EXERCISE DIRECTIONS: Keep to one stretch of the data below, the lines from the one with "banglalink sim offer" up to and including the one with "Stahls' Light Blue", and return that stretch exactly.

DATA LISTING:
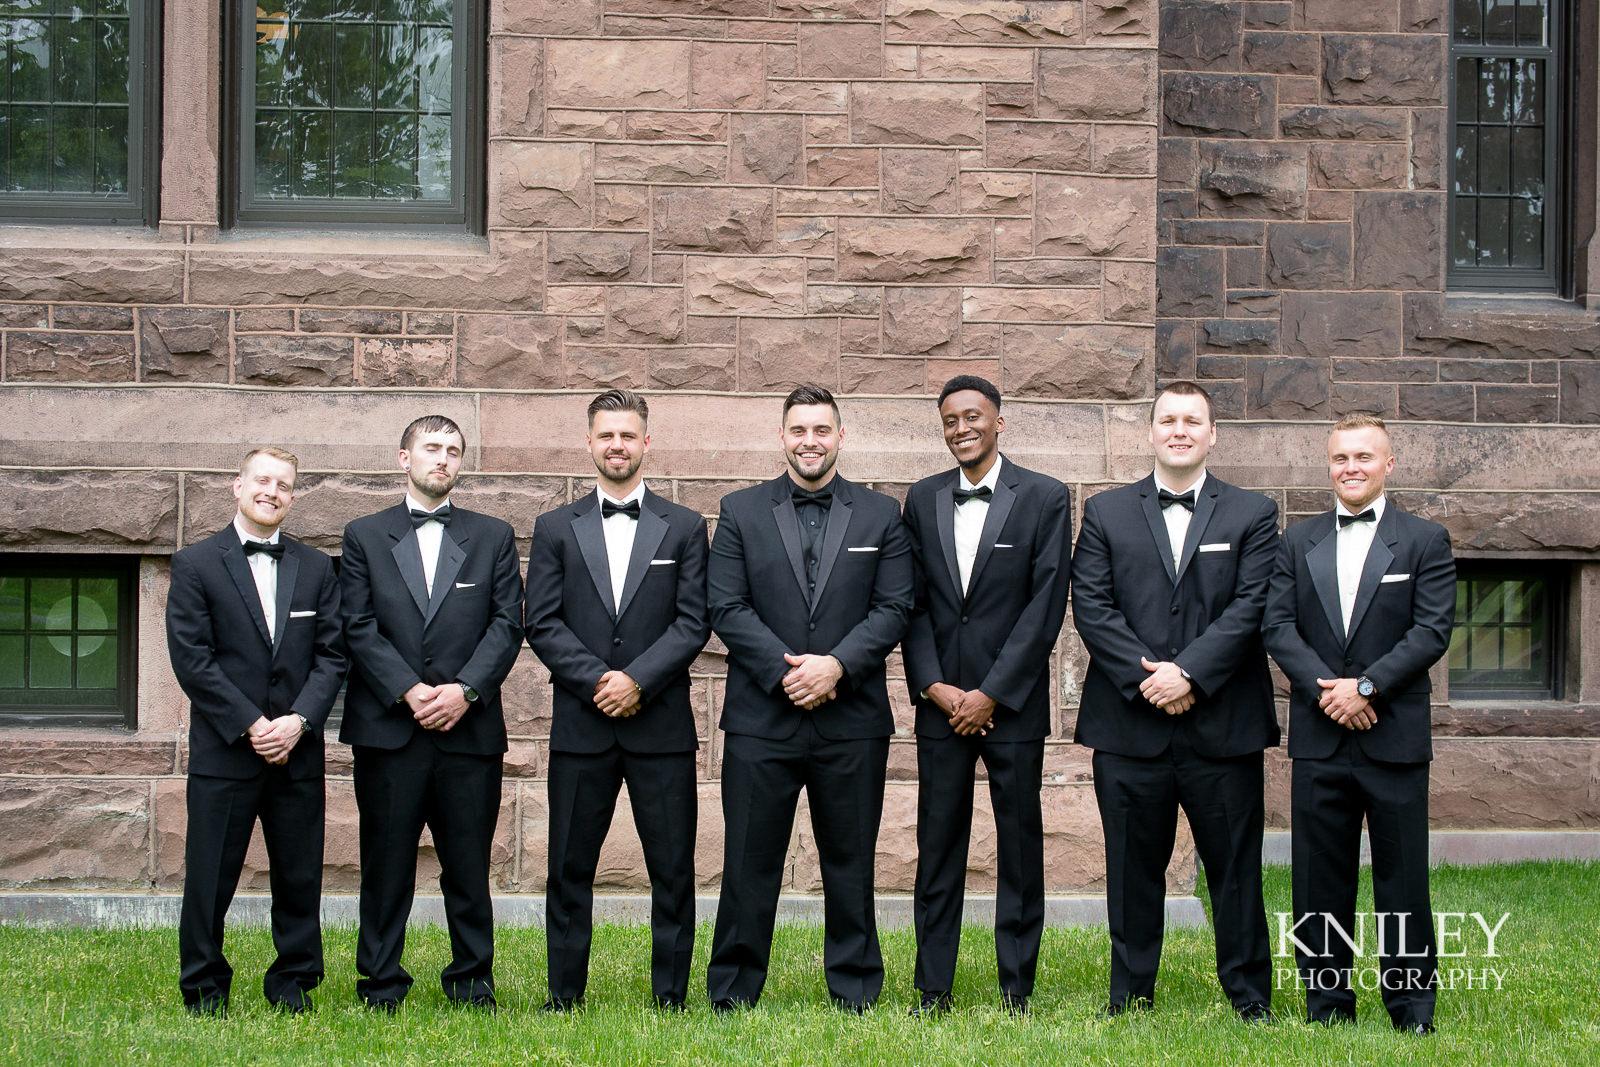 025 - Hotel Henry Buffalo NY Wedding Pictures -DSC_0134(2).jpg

...

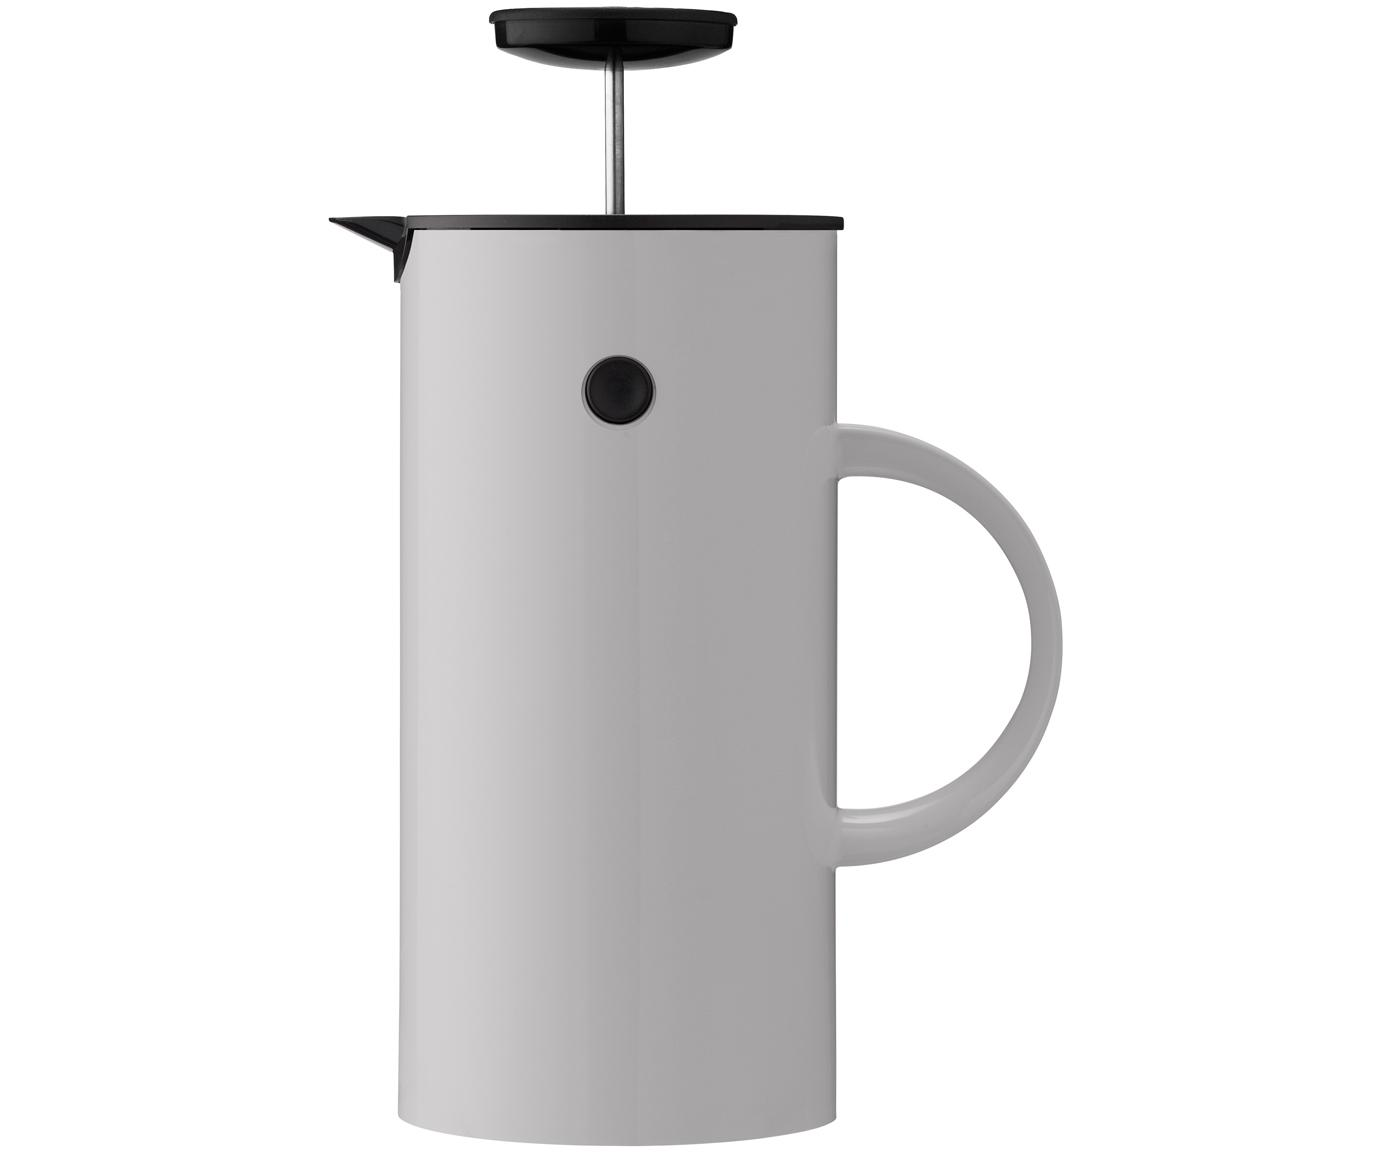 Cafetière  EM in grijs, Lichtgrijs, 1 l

==

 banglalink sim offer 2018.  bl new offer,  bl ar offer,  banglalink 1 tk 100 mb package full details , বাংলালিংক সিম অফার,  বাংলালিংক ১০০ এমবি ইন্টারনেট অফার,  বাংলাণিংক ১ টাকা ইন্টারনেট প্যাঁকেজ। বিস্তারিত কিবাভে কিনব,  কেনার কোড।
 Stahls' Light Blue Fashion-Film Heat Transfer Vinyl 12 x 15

WRITTEN SOLUTION:
 banglalink sim offer 2018.  bl new offer,  bl ar offer,  banglalink 1 tk 100 mb package full details , বাংলালিংক সিম অফার,  বাংলালিংক ১০০ এমবি ইন্টারনেট অফার,  বাংলাণিংক ১ টাকা ইন্টারনেট প্যাঁকেজ। বিস্তারিত কিবাভে কিনব,  কেনার কোড।
 Stahls' Light Blue Fashion-Film Heat Transfer Vinyl 12 x 15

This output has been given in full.